The idea that there's one best plan for successful weight loss is incorrect. It’s like saying there's one best color, or one best type of music. For each individual there very well may be one best dietary approach. But there is a broad spectrum of eating strategies -- dozens of unique approaches -- that all work well for weight loss and overall health improvement. The most important thing is to find an approach you can stick to, because adherence, rather than diet type, is the key to success. 

I do think that good plans tend to have some common features. They often include a daily food journal with calorie counting, 90% adherence to a strict eating plan, and about seven hours a week of exercise – cardio and strength training.

What are some safe, painless ways I can exercise?

Almost all people are physically capable of walking. So if you’re in poor physical shape, start with that. Aim for seven hours a week, regardless of your current health status. You start with seven hours a week of slow walking and gradually increase it to seven hours a week of moderate walking. Eventually, you can work up to running.

If you have problems with your hips or feet, upper body exercises can be useful. Almost anybody can use 1- to 3-pound dumbbells to achieve beneficial levels of exercise.

Some obese people find exercise painful, and they get stuck in a bind: You can’t exercise because you’re too heavy, but you’re too heavy because you can’t exercise.
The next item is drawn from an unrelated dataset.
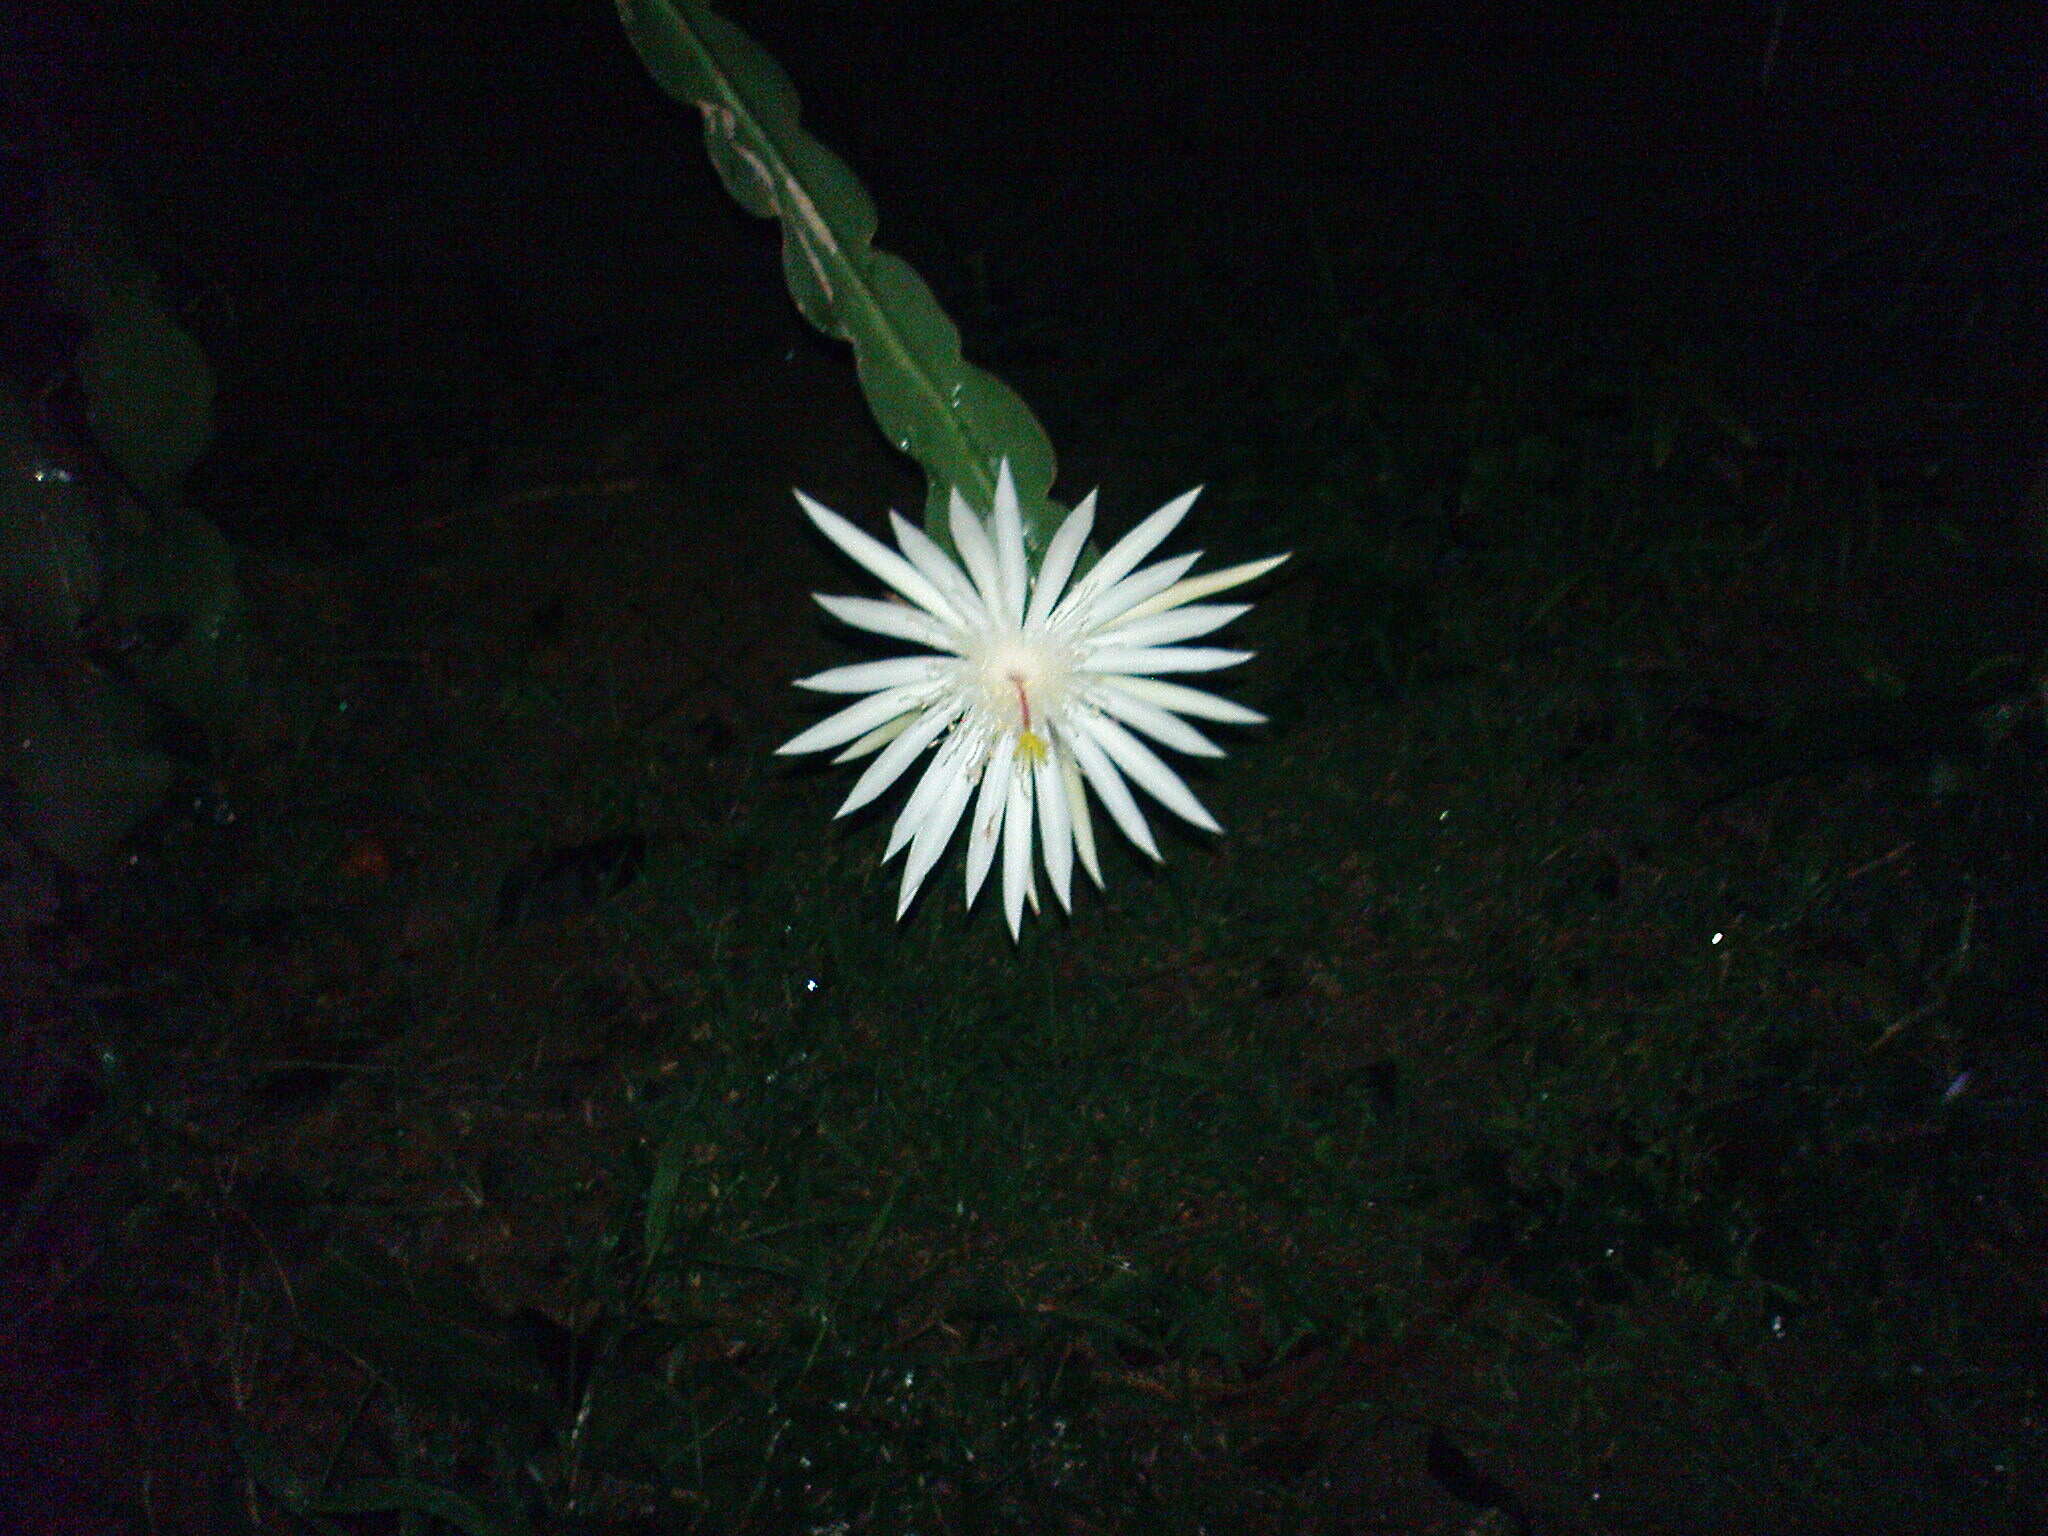 Image of Nightblooming Cactus

Try to push through. In many cases, exercise becomes less uncomfortable as you shed the weight.

How quickly can I expect to lose?

If you’re really sticking to it, a good plan will produce 10% weight loss in three to four months and up to 20% weight loss at one year. A less ambitious effort will typically produce 5% weight loss in three to four months and 10% weight loss at a year.

People often say that losing 1 to 2 pounds a week should be your goal. But I typically see more than that in the short term and less than that in the long term. It doesn’t really worry me if someone’s losing 3 to 4 pounds a week at the outset.